The Government has failed to do enough to tackle the rocketing homelessness that has been partly fuelled by its own welfare reforms, according to a damning assessment by the public spending watchdog.
Over the last six years there has been a 60% rise in households in temporary accommodation, which includes 120,540 children, the National Audit Office (NAO) found.
A snapshot overnight count last autumn recorded 4,134 rough sleepers, a 134% hike since the Conservatives took power.
The ending of private-sector tenancies has now become the main cause of homelessness in England rather than changes in personal circumstances such as relationship breakdowns, with a threefold increase in numbers since 2010/11, the NAO found.
Rents have gone up at the same time as household incomes from benefits have been cut, it said.
Local housing allowance reforms are “likely to have contributed” to making tenancies for claimants less affordable and “are an element of the increase in homelessness”, according to the report.
All forms of homelessness have increased “significantly” and are costing more than £1 billion a year to deal with.
However, the Department for Communities and Local Government has continued with a “light touch” approach despite the clearly growing problem and its recent performance cannot be considered value for money, the NAO said.
Auditor General Sir Amyas Morse said: “Homelessness in all its forms has significantly increased in recent years, driven by several factors.
“Despite this, government has not evaluated the impact of its reforms on this issue and there remain gaps in its approach.

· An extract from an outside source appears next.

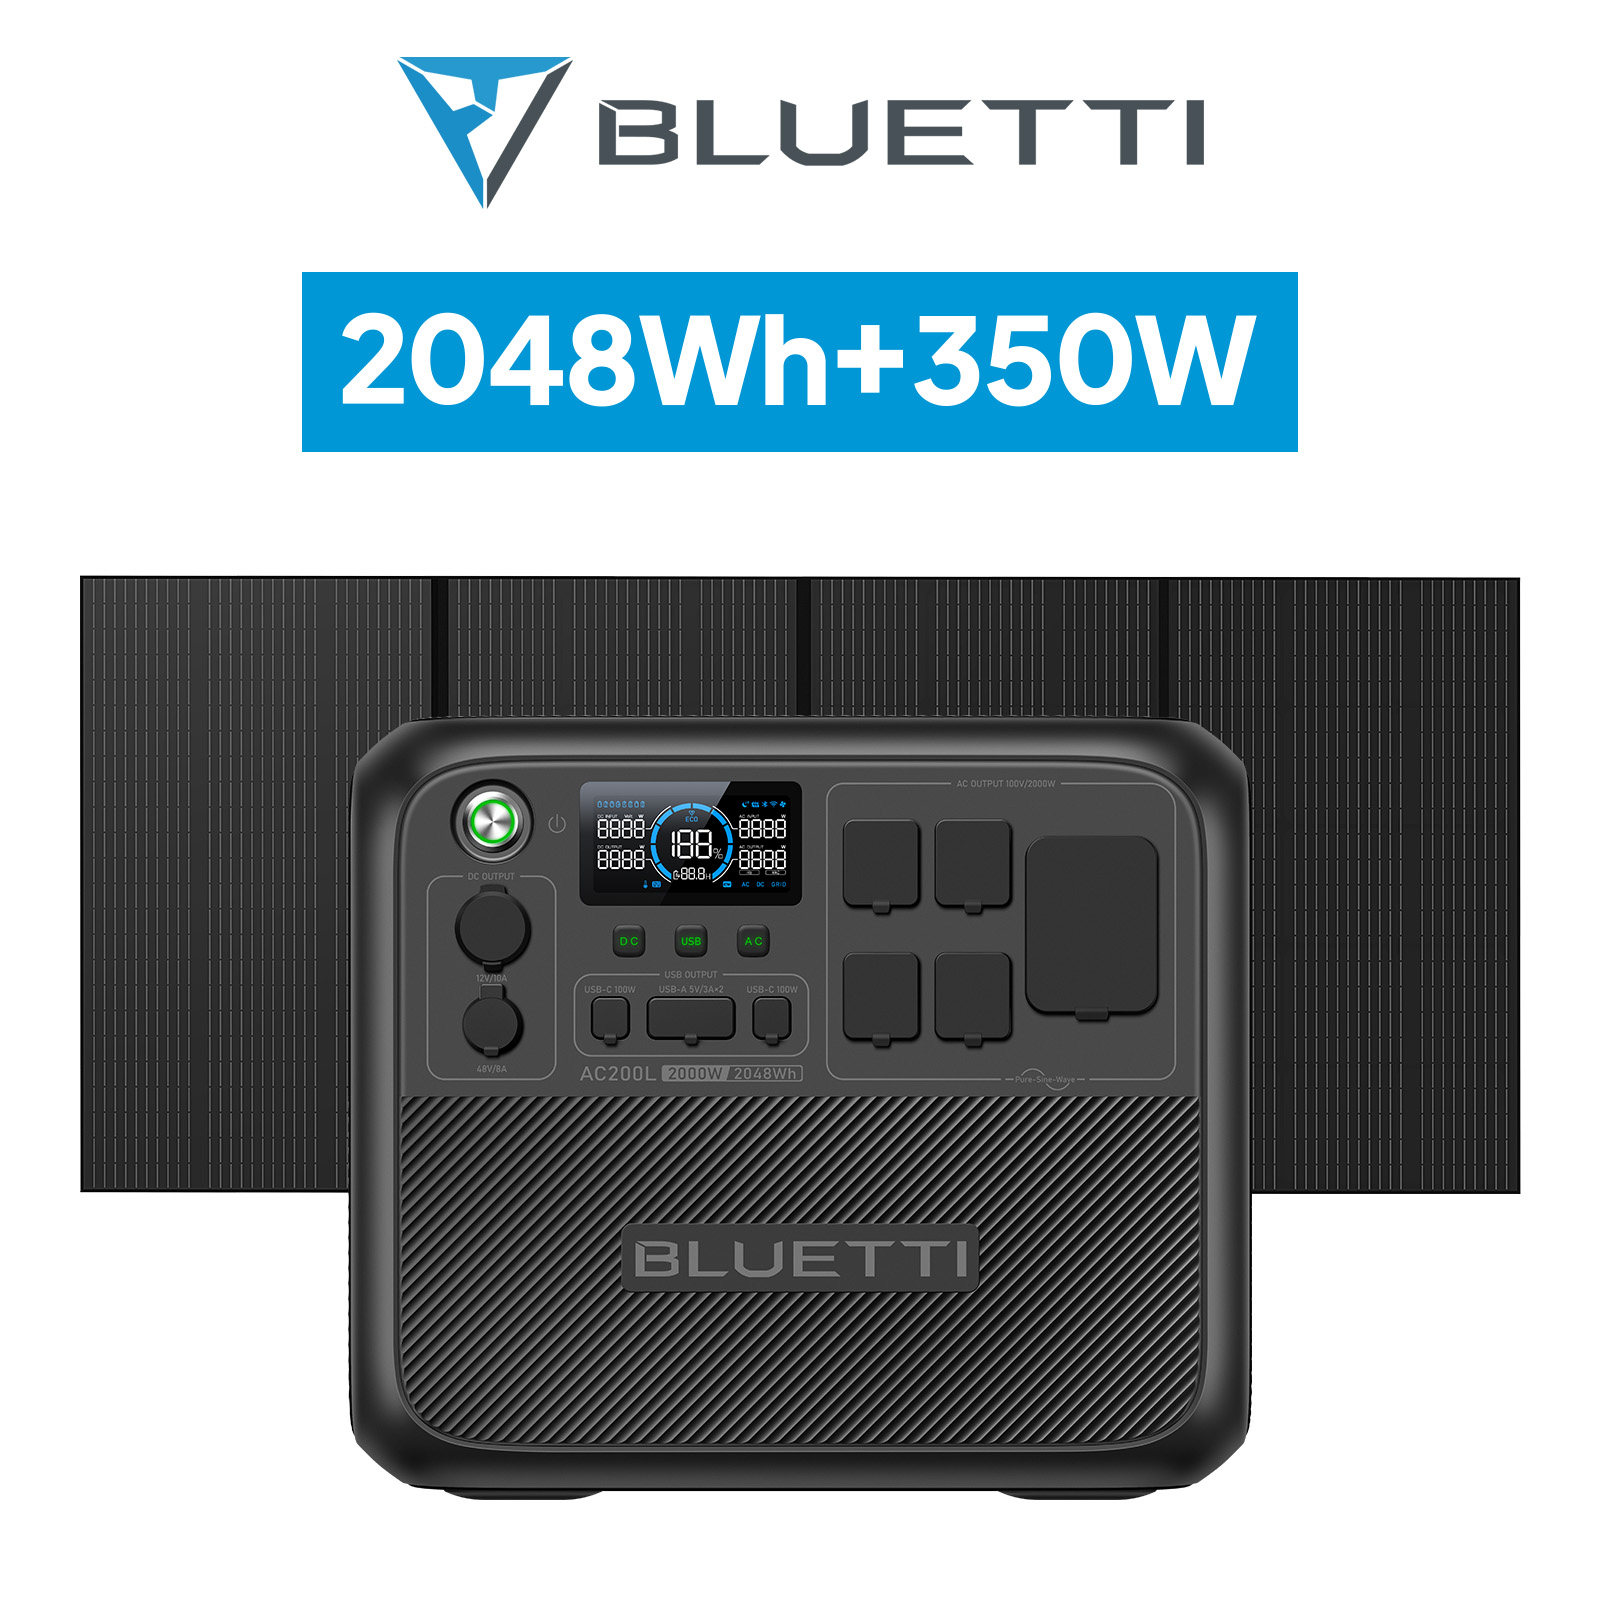 BLUETTI ポータブル電源 ソーラーパネル セット AC200L+PV350 2048Wh+

“It is difficult to understand why the department persisted with its light touch approach in the face of such a visibly growing problem.

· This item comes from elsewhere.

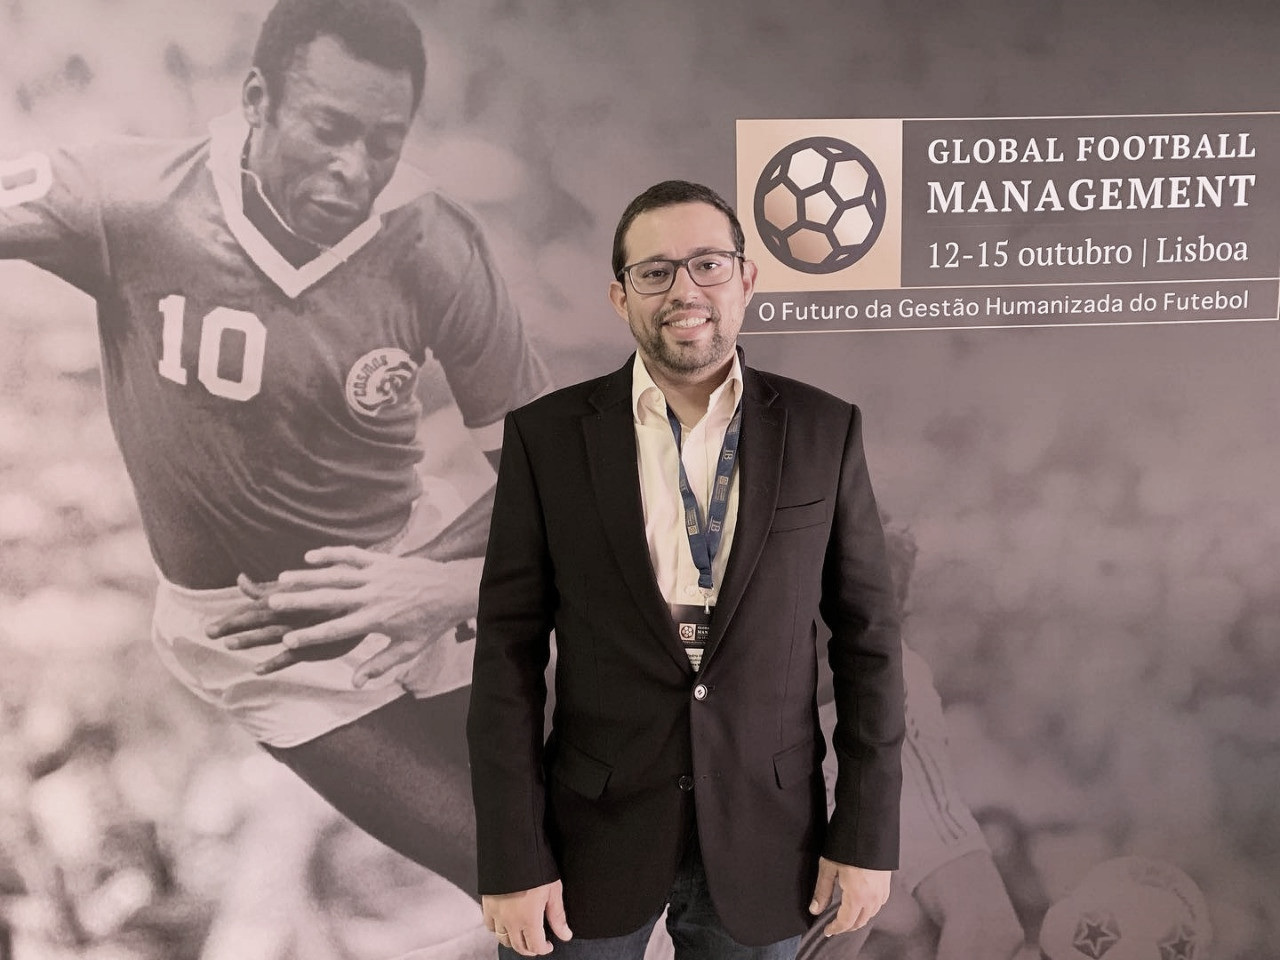 Com passagem como executivo no Bahia, Pedro Henriques avalia impacto da troca de técnicos nos projetos de futebol

“Its recent performance in reducing homelessness, therefore, cannot be considered value for money.”
Labour’s Meg Hillier, who chairs the Public Accounts Committee, said: “It is a national scandal that more and more people are made homeless every year.”
A Government spokesman said: “Tackling homelessness is a complex issue with no single solution but this Government is determined to help the most vulnerable in society.
“We’re investing £550 million to 2020 to address the issue and implementing the most ambitious legislative reform in decades, the Homelessness Reduction Act.
“This Act means more people get the help they need earlier to prevent them from becoming homeless in the first place.”
Local Government Association housing spokesman Martin Tett said: “Councils are working hard to tackle homelessness and are focusing on preventing it happening.
“We now need the Government to support this local effort by allowing councils to invest in building genuinely affordable homes and providing the support and resources they need to help prevent people becoming homeless in the first place.”
Polly Neate, chief executive of homelessness charity Shelter, said: “The NAO has found what Shelter sees every day – that for many families our housing market is a daily nightmare of rising costs and falling benefits which is leading to nothing less than a national crisis.”